Further, as organizations incorporate a growing number of data sources without sufficiently automating their analysis, they risk “alert fatigue.” Security teams in this position spend so much time on the manual labor of sorting out the good data from the bad that they more frequently make mistakes, or even, ironically enough, go back to making decisions without relying on data at all, because it is faster and easier to do so.
In terms of providing truly useful threat intelligence — analysis that is both timely enough to act upon and contextual to your organization — the answer is a threat intelligence solution that includes customization options. Threats come in all shapes and sizes, and the criteria that makes threat intelligence useful will vary not only from organization to organization, but also between the different groups within a security operations center of a single business. Security operations, threat hunters, and compliance professionals all use threat intelligence in completely different ways.
In a recent research paper, ESG recommended that customizable threat intelligence solutions should be able to create specific dashboards or enhance threat intelligence feeds with custom notes, whitelists and blacklists, risk scores, and so on. This ability to filter, query, and add notes to threat intelligence makes it easier to adapt it to the specific use cases that different parts of your organization have.
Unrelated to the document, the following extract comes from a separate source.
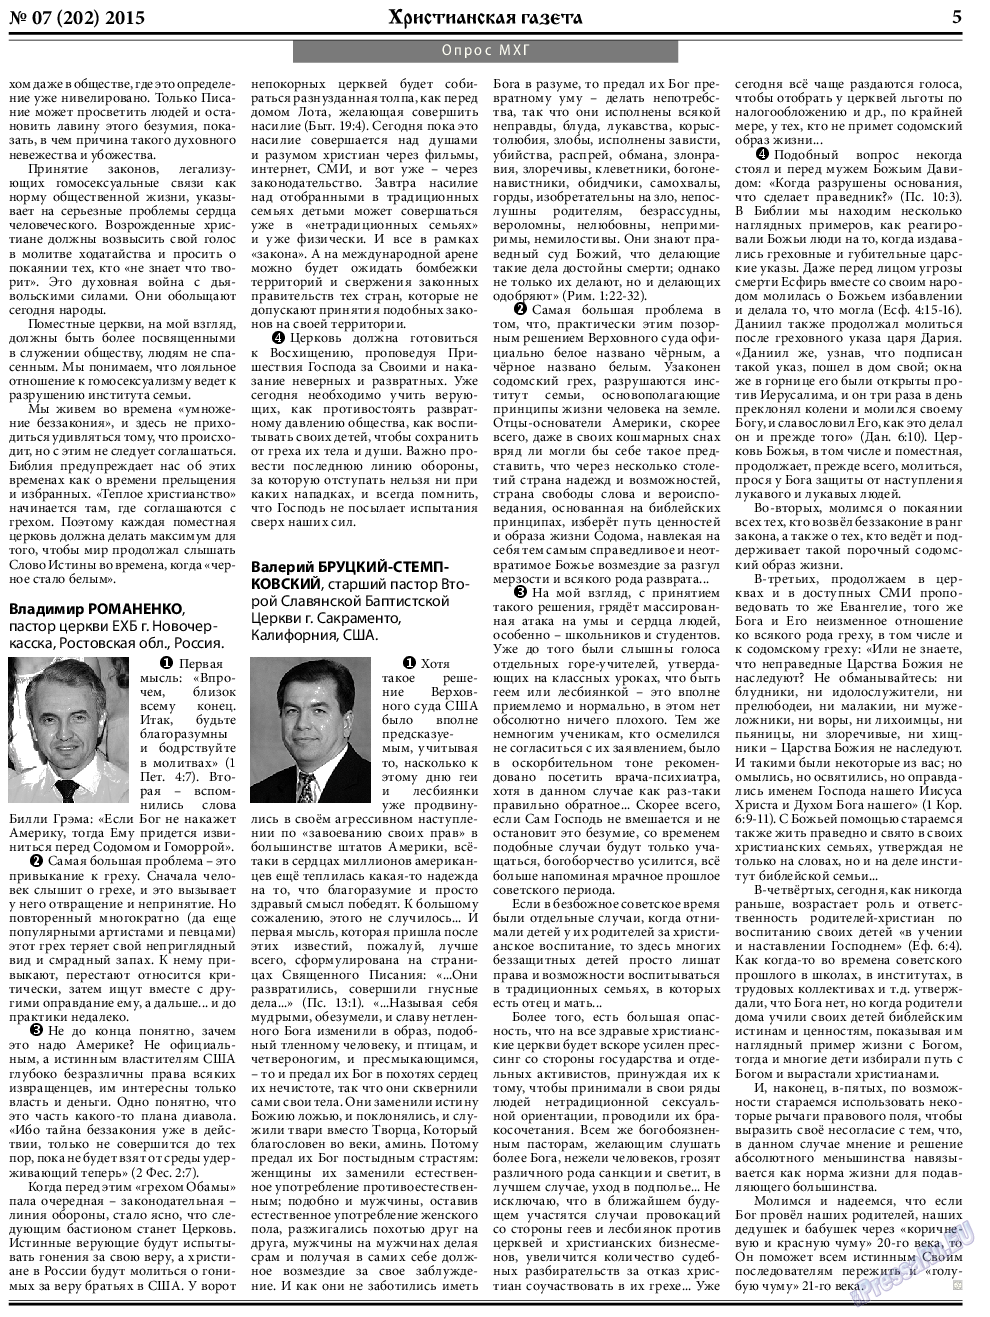 Христианская газета, газета. 2015 №7 стр.5

In the data collection stage, a customizable solution should easily incorporate and filter different feeds. That includes data from both open sources, like blogs, social media, news stories, and publicly available reports; and closed sources, like forums on the dark web. It’s relatively easy for threat intelligence solutions to organize binary data feeds to make them more consumable for analysts, for example, by arranging the data into a spreadsheet that includes context, like how recently an indicator of compromise appeared, or how many sources it was identified in. However the data comes, a threat intelligence solution should automatically sort and filter it, saving security analysts from doing the heavy lifting. But simple aggregation like that is of only limited usefulness.
Threat data should be processed into usable information with the right analytics technology. Such technology might include natural language processing, which more intelligently identifies patterns rather than blindly throwing out alerts every time a crawler stumbles over a flagged keyword, saving analysts the pain of dealing with false positives. Analytics technology should also be able to compare new data against a dataset unique to your organization so that it can better identify the specific vulnerabilities in your system.
One way that smart customization options can better help sort and filter data is by combining them with different narrative types to get a more complete picture. For example, a piece of binary data like an IP address taken from a threat feed might be combined with more information about a rogue domain, a recent sighting of that IP by a honeypot, and a tweet that suggests an attack might have come from it. A solution that is able to see the link between these disparate threads will provide far more context, allowing users to make more informed decisions.
This kind of investigation can be time-consuming for a human analyst to perform, so a customizable solution with advanced analytics technology that works fast enough for relevant alerts to come in real time can be a significant aid for analysts. Merging external cyber threat intelligence with your internal security telemetry will help you take remedial action more quickly and accelerate your investigations into potential or future threats.